Write out the listing exactly, dropping any picture it contains.

*** DATA EXCERPT ***

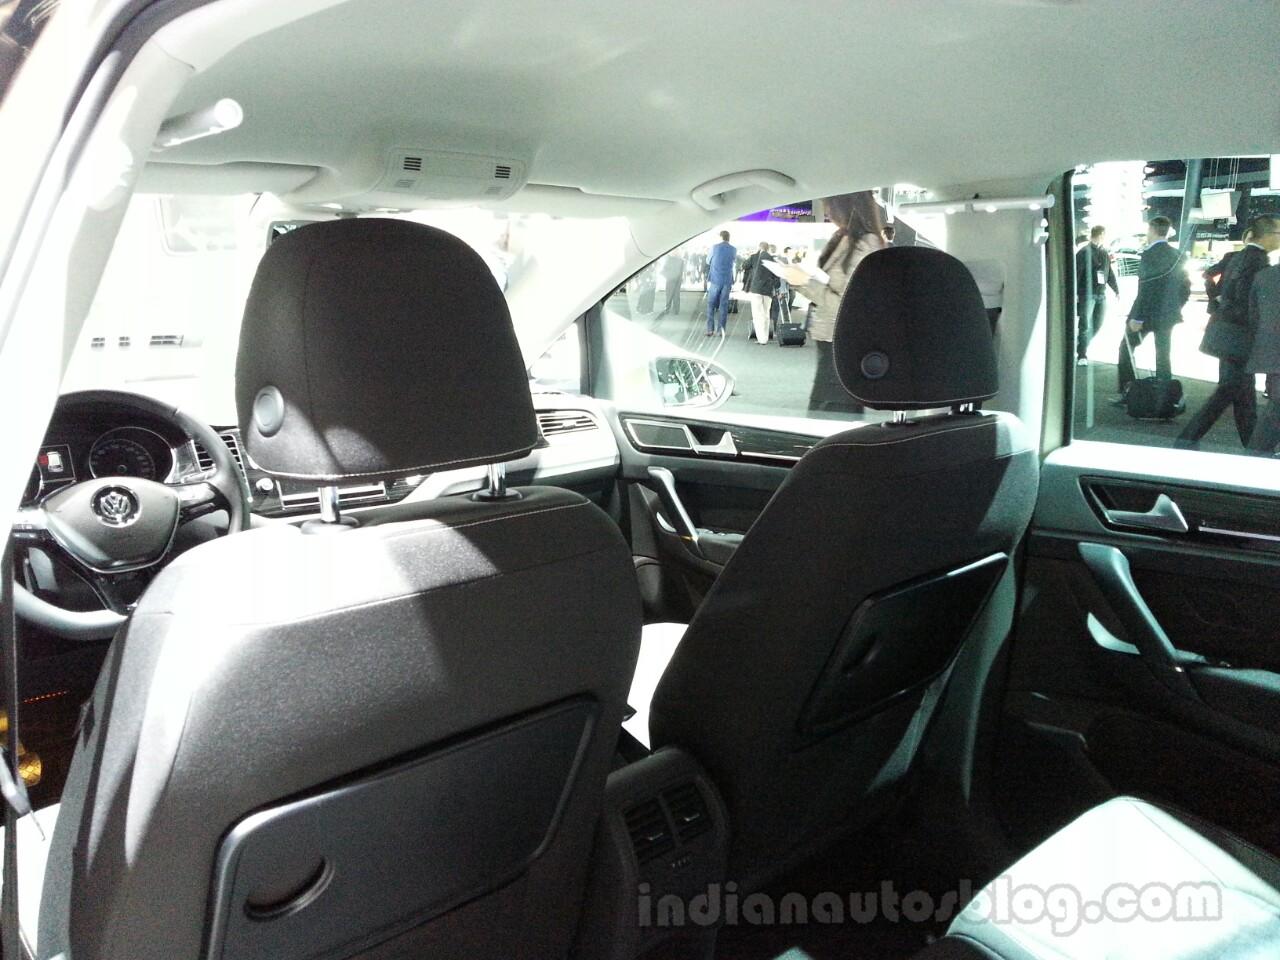 VW Golf Sportsvan Concept Headrests
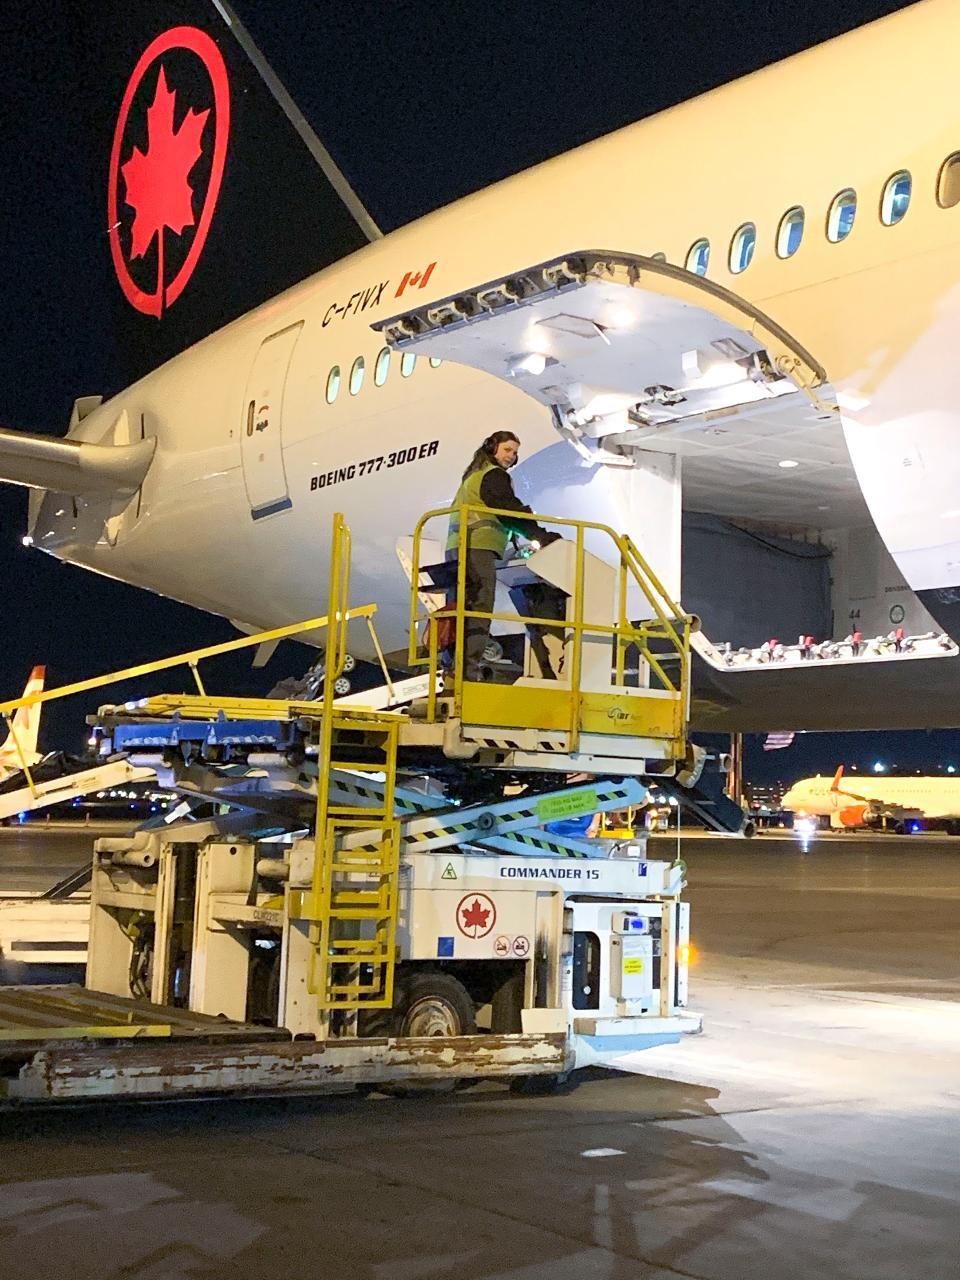 Cargo hatches are wider than passenger door entrances
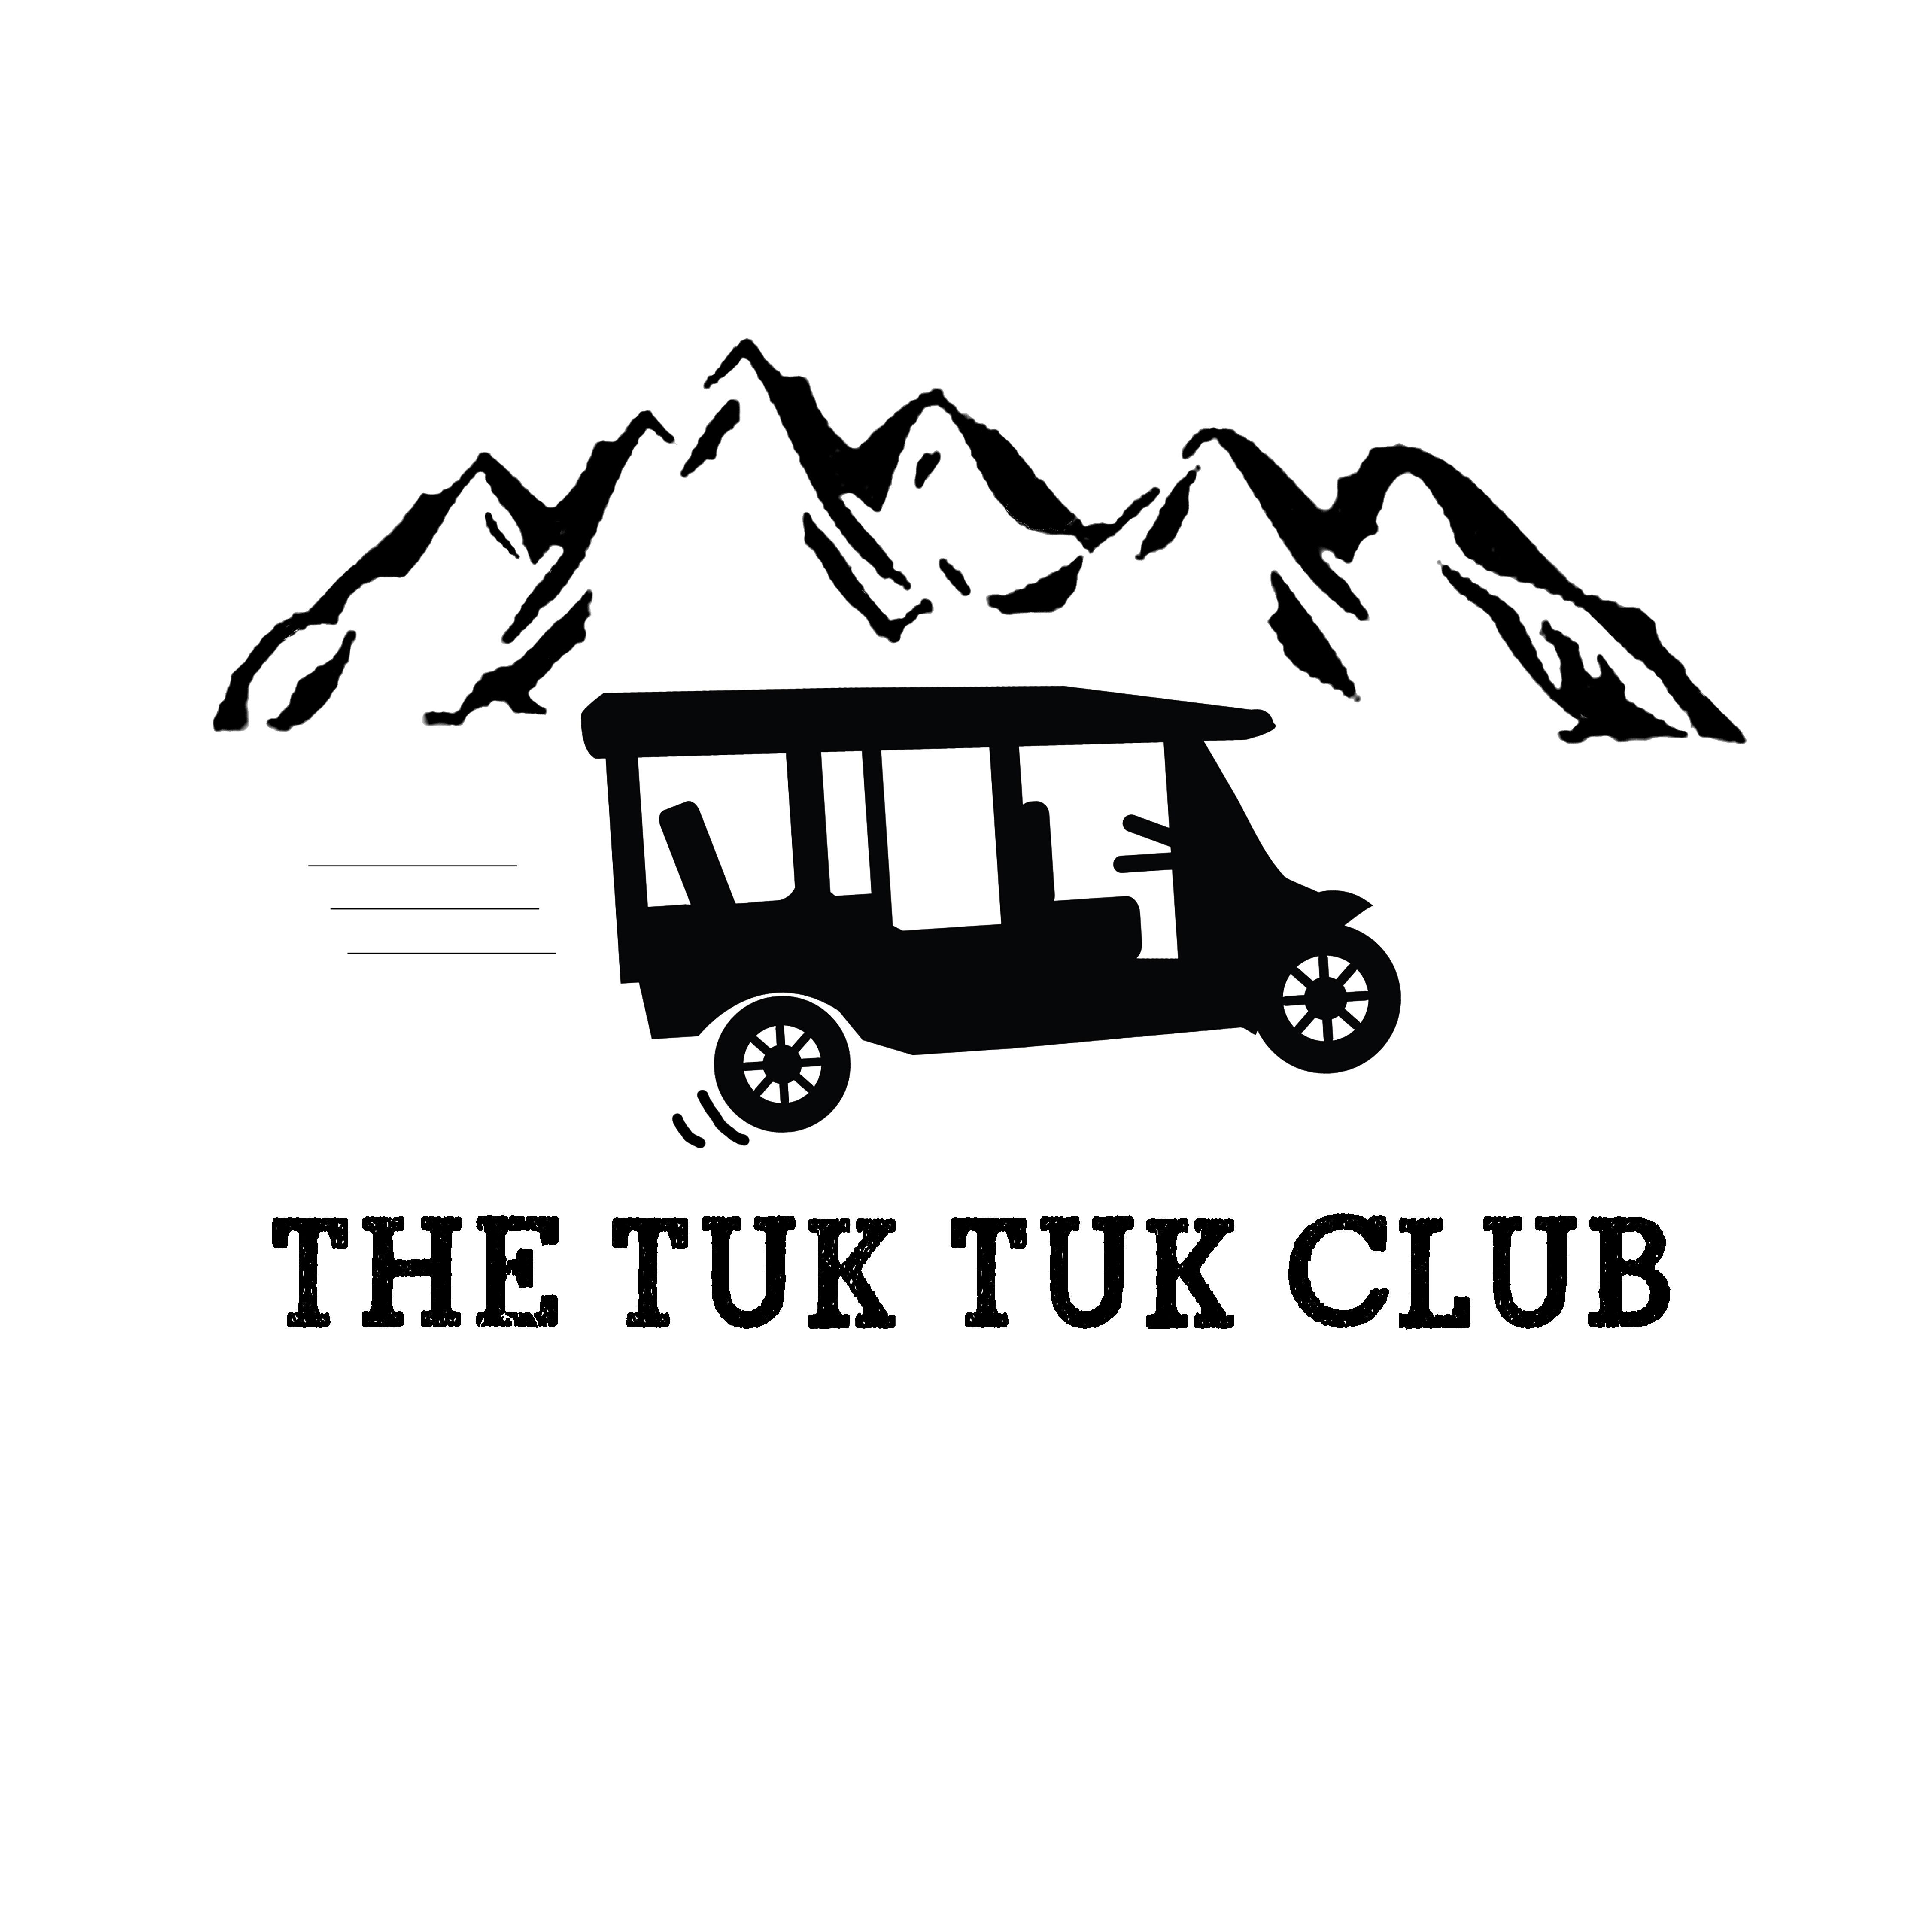 The Tuk Tuk Club

*** End of DATA EXCERPT ***

**EXERCISE ANSWER**.
 VW Golf Sportsvan Concept Headrests
 Cargo hatches are wider than passenger door entrances
 The Tuk Tuk Club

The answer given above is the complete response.